Собрание сочинений. Том 3. Крылья ужаса. Мир и хохот. Рассказы - стр. 33
– Что ж она такое могла натворить? – вслух рассуждала Галя. – Ума не приложу. Кажется, уж чего она только не вытворяла, ко всему привыкать стали. Только что с собакой не спала, но у Вольских собак нету.
– Такая уж ее звезда, – вздохнула Люда.
– Из того, что ты говорила мне, Люда, думаю, крепкие знания тут нужны, чтоб помочь Ире. Но это неспроста, – проговорил Петр. – Это необычный случай. И простая медицина тут не поможет. Как ты считаешь, можно ли кого-нибудь найти в Москве из знатоков таких ситуаций?
– Надо подумать. Жаль девочку. Уж чересчур все это. Но в ней, в ней ведь все дело. И потому как можно изменить? Чужую звезду ей не привесешь. Но поискать надо, и ты поспрошай…
Шум за стеной стих, казалось, навсегда. Выпив по последнему глоточку, все наконец разбрелись: Люда спьяну осталась ночевать у Гали, а Петр уехал на такси домой.
Девочкам среди ночи казалось: что-то бьется и шевелится. Но ни о чем подумать было нельзя, сковывали сновидения.
Люда не хотела в этом признаваться даже Гале, но с Ирой ее связывал какой-то внутренний ночной союз, скорее даже не «союз», а, может быть, бред, точно ее темное «я», ее двойник, тянулся к Ире.
Помимо чисто внешних встреч – на улице, во дворе (в конце концов, девочка была ее соседка) – произошло еще что-то, но уже в душе Люды – только в ее душе. Никто кроме нее не знал об этом, лишь, может быть, сама Ира отдаленно чуть-чуть догадывалась, ничего не понимая в целом.
История была такова.
Несколько раз Люда, наблюдая за девочкой, поражалась ее внутреннему состоянию – вдруг в каких-то чертах очень сходному с ее собственным: так, по крайней мере, казалось Люде.
Однажды они вместе были на опушке леса. Ира лежала в траве, почти голенькая. Внезапно поднялась сильная буря. И сразу же одно дерево – видимо, гнилое – начало падать на землю, прямо на Иру. Она в ужасе отползла. А потом замерла, лежа, чуть приподнявшись. Глаза ее неподвижно впились в мертво-лежащее дерево, которое чудом не раздавило ее, как лягушку, наполненную человеческим бытием.

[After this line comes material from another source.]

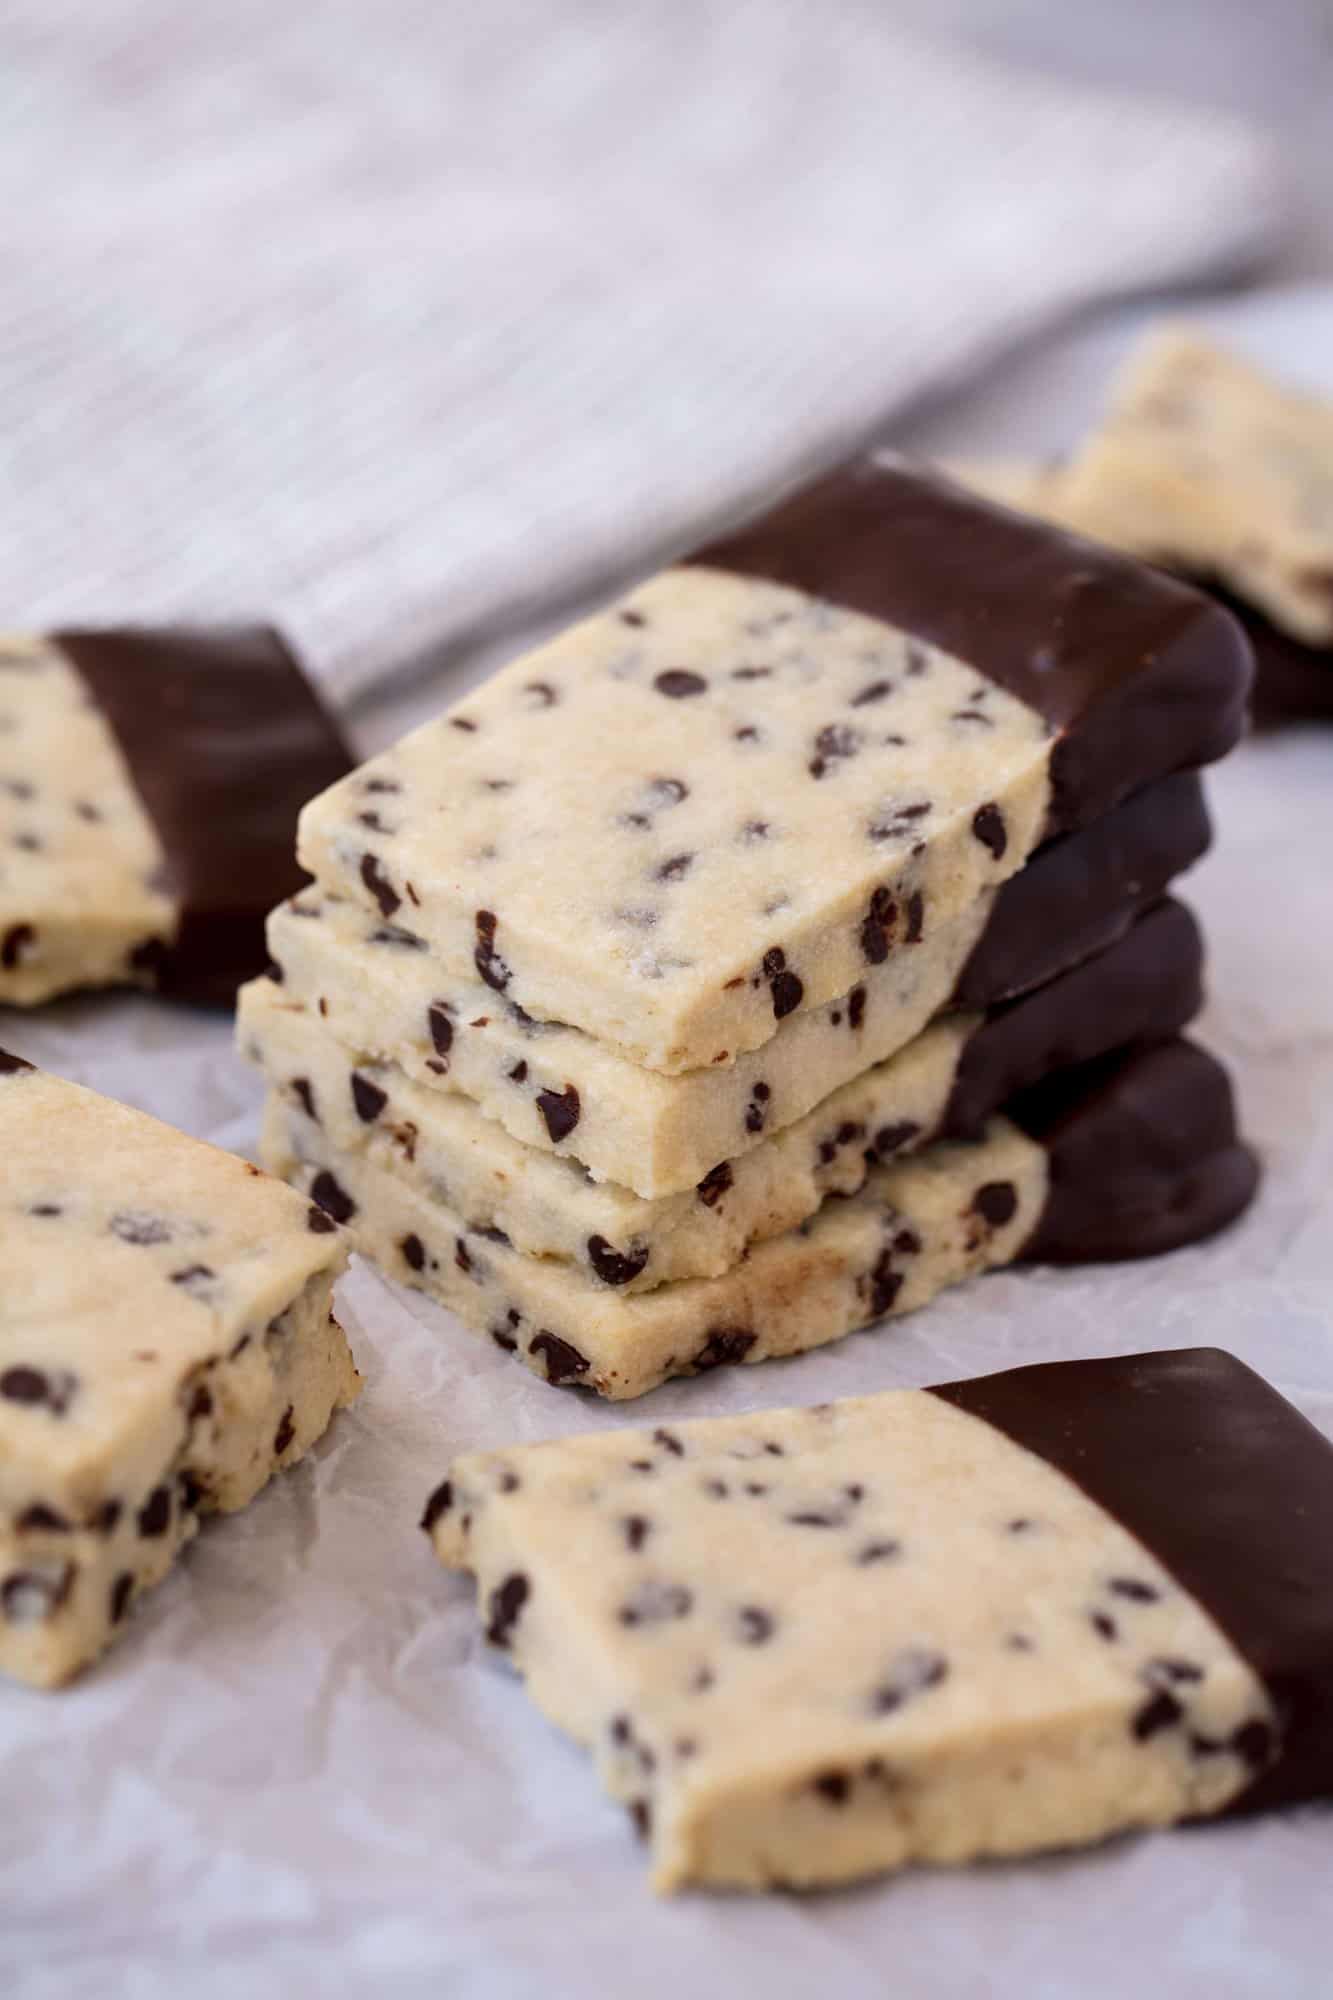 Chocolate Chip Shortbread Cookies are all the goodness of melt-in-your-mouth shortbread combined with a little bit of chocolate. Your family will love these easy tasty cookies!

И Люда видела, как прозрачно-дрожащий пот покрывал ее лоб, плечи, как дрожали линии живота. Это не был обычный физический страх, а безмерный, отчаянный, как будто все мировое бытие соединилось – в ее лице – в одну точку, и эта точка могла быть раздавлена – навсегда. Ужас превосходил человеческий, хотя сама девочка, может быть, этого не осознавала. Люда видела только – особенно отчетливо – ее дрожащее, точно в воде, лицо и глаза, застывшие в безумном космическом непонимании за самое себя.
Во всяком случае, все это Люда мгновенно ощутила в подтексте ее страха.